Arkansas, Iowa, Minnesota, Tennessee, and Wisconsin are also among the states loosening child labor laws.

In Wisconsin, for example, lawmakers are working on a proposal to allow 14-year-olds to serve alcohol in bars. In Iowa, the legislation would allow teens as young as 14 to work in meat coolers and industrial laundries. And, lawmakers in Minnesota want 16 and 17-year-olds to work on construction sites. Read more here.

In Arkansas, they're throwing anything that would require proof of age or parental consent out the window. According to an article from Yahoo News,

Gov.

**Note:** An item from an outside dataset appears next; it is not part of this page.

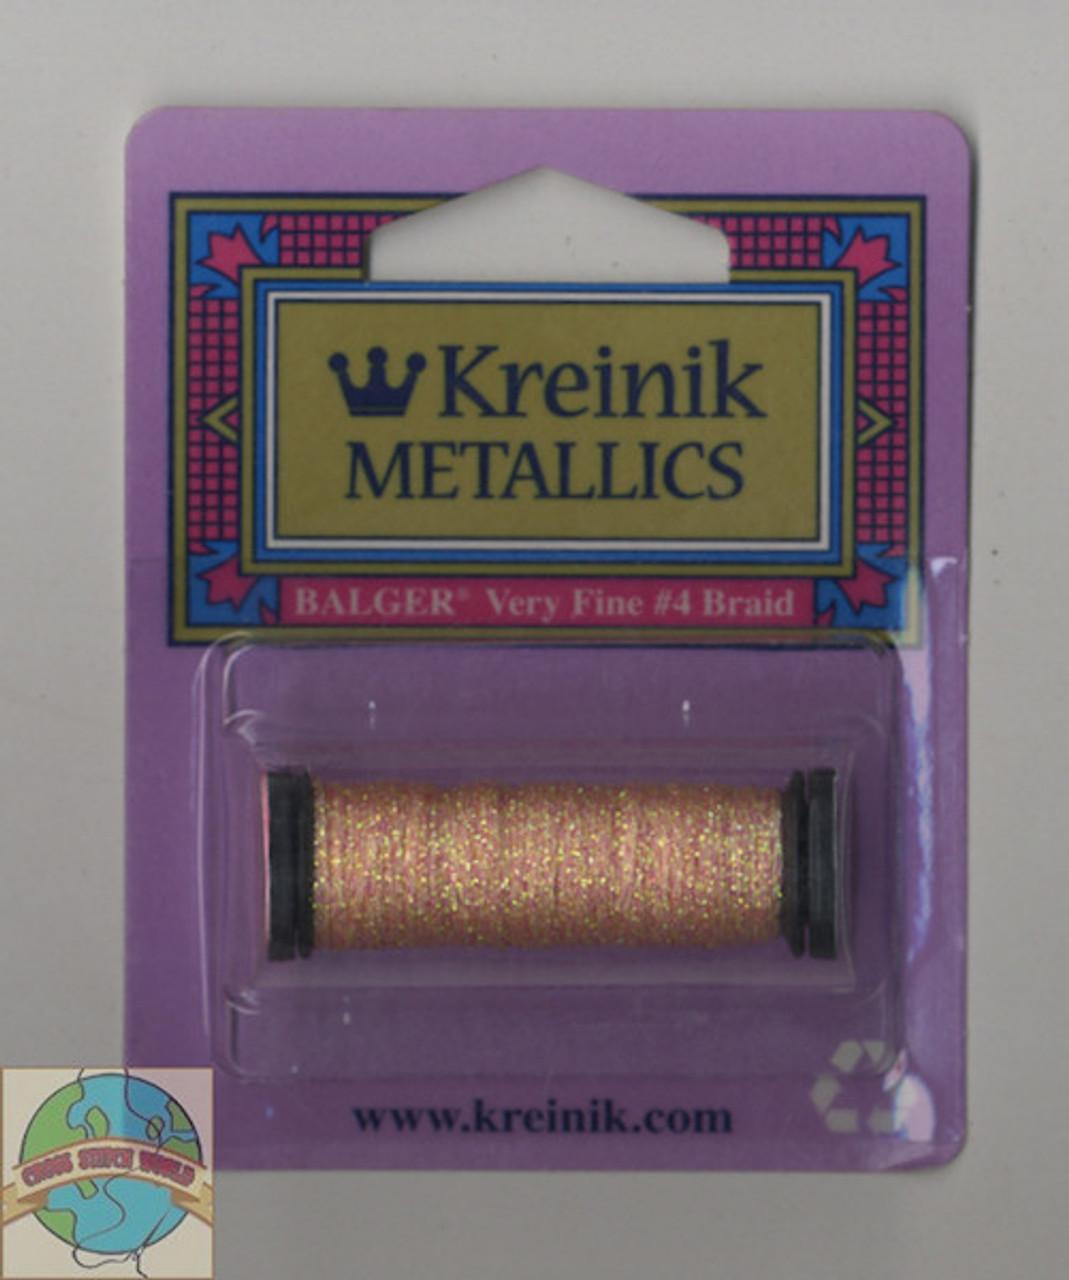 Kreinik Metallics - Very Fine #4 Light Peach 9192
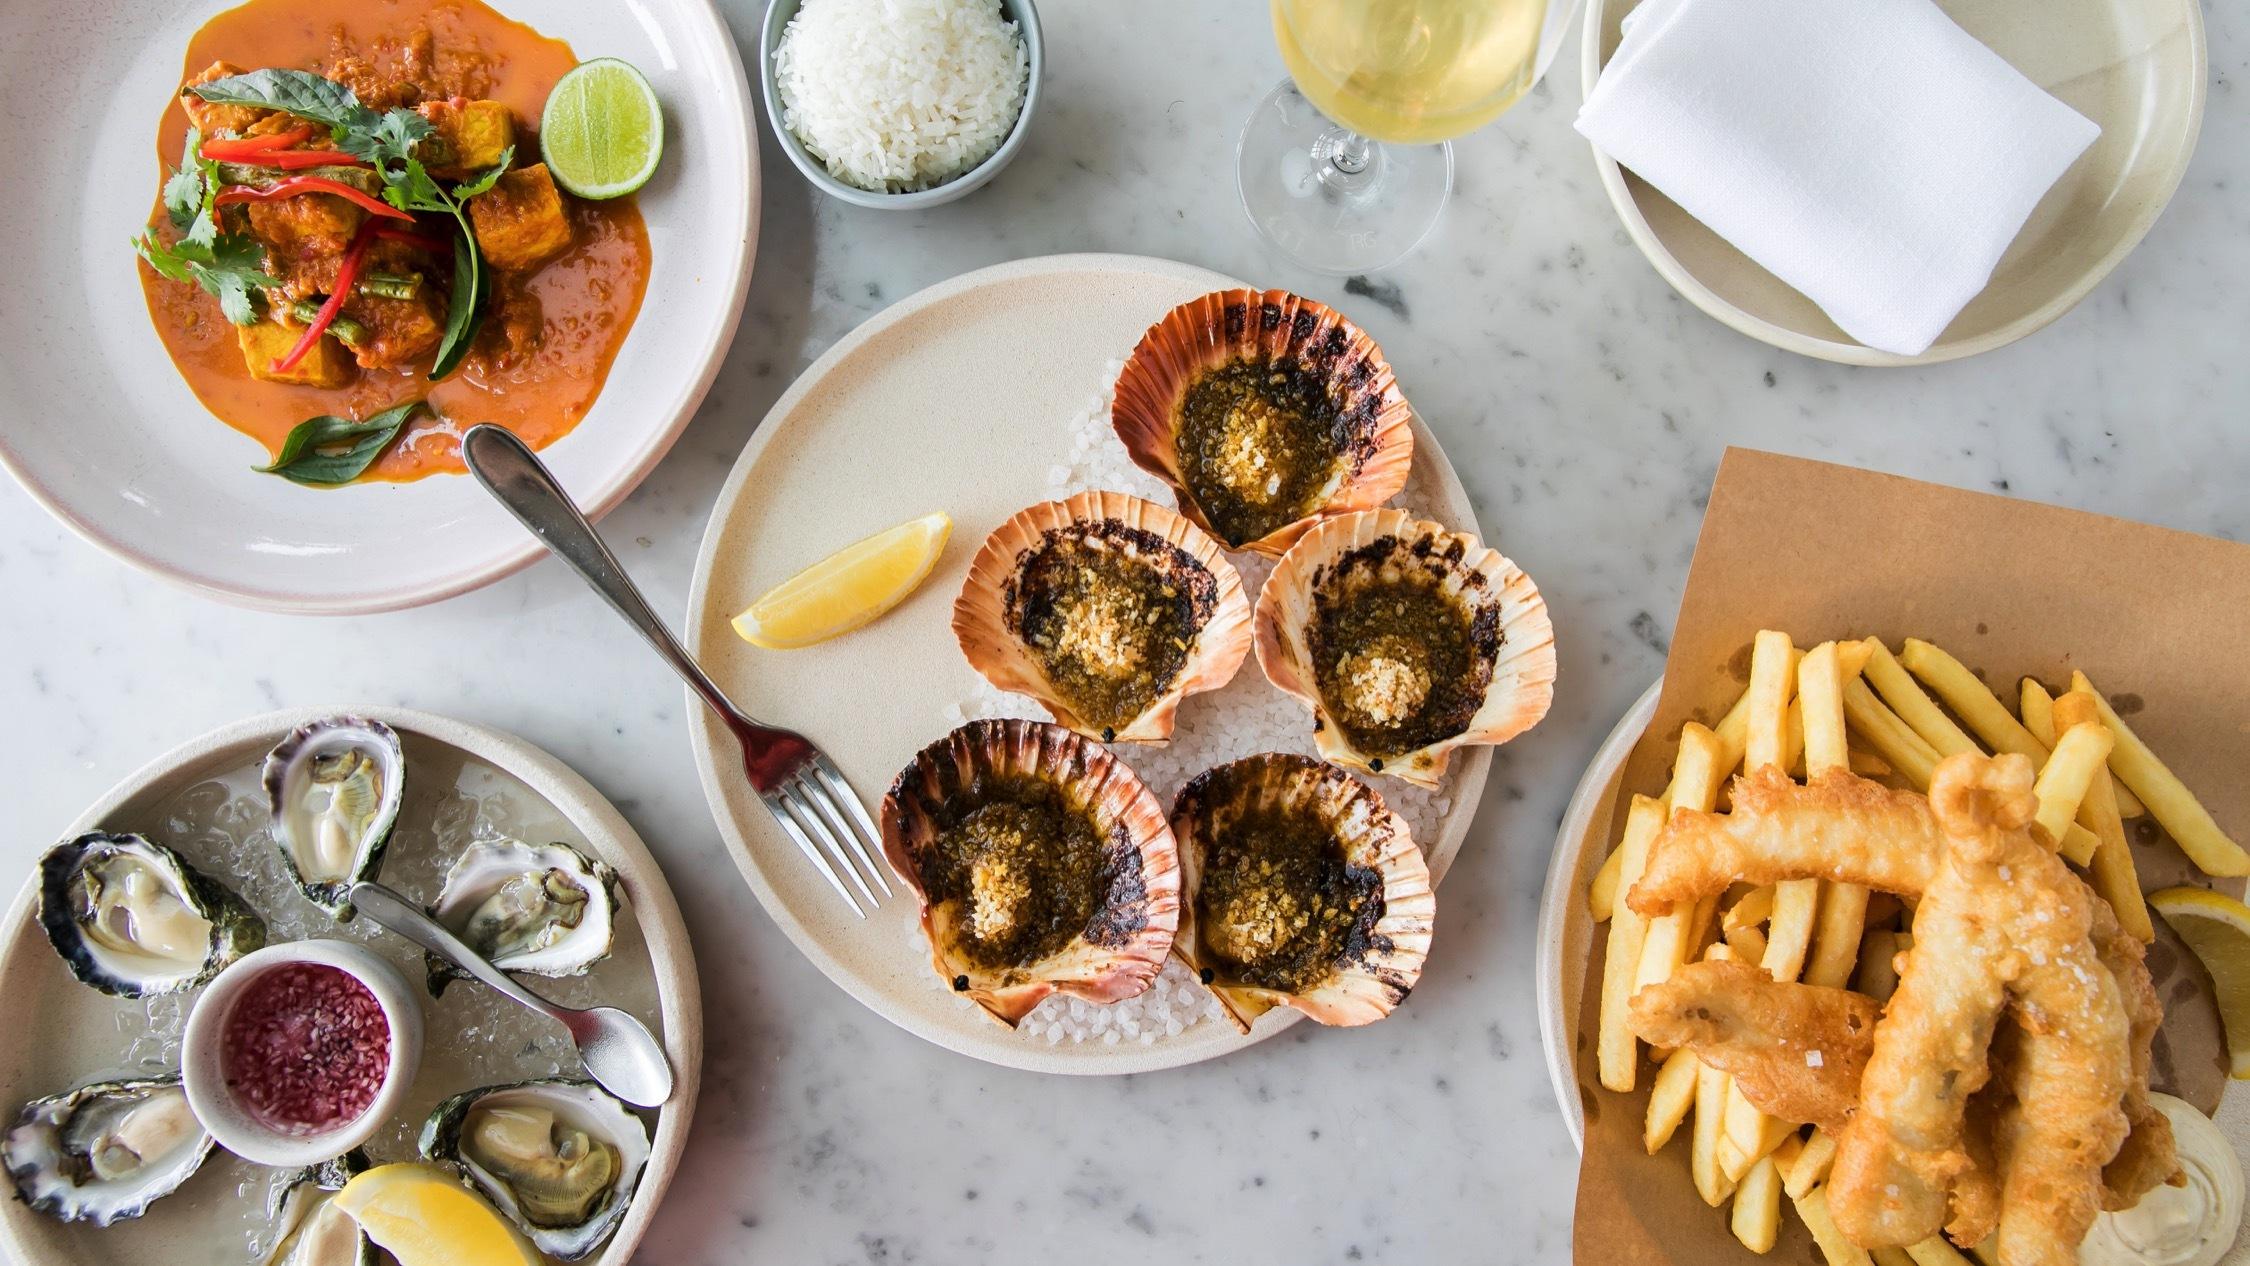 Table with plates of food at North Bondi Fish

Sarah Huckabee Sanders signed a law in March eliminating permits that required employers to verify a child’s age and a parent's consent


Why is This Bad?

Because, similarly to immigrants or the formerly incarcerated, teens represent a workforce that could be taken advantage of because they might not have the knowledge or confidence to rally against unfair working conditions.

And, they already are being taken advantage of.

In February of 2023, a federal investigation announced by the Department of Labor found that over 100 children, between the ages of 13 and 17, were illegally working overnight shifts in the Wisconsin-based Packers Sanitation Services Inc.

They were working around chemicals and meat processing equipment like saws. Overnight. At 13 years old.

I know. A lot of us had jobs when we were teens. But, putting the responsibility of filling the labor shortage on the backs of teenagers to the point where employers and lawmakers feel comfortable putting them in dangerous situations, legal or not, feels like a very slippery slope.

On a personal note, I started working when I was 12 years old. My mother, who I lived with, was not good with managing money so we were constantly being evicted from our places of residence. That's what led me to get a job at such a young age. It eventually turned into me working full-time at 16 under the guise that I was "homeschooled." I wasn't. I had essentially dropped out of school to pay the bills.

At age 19 I was able to get my high school diploma (at nearly a 4.0). But, the system and people in my life had failed me. Paying the bills and rent at 14,15,16 years old can not be allowed to be considered the norm. Something I fear will happen with these new laws.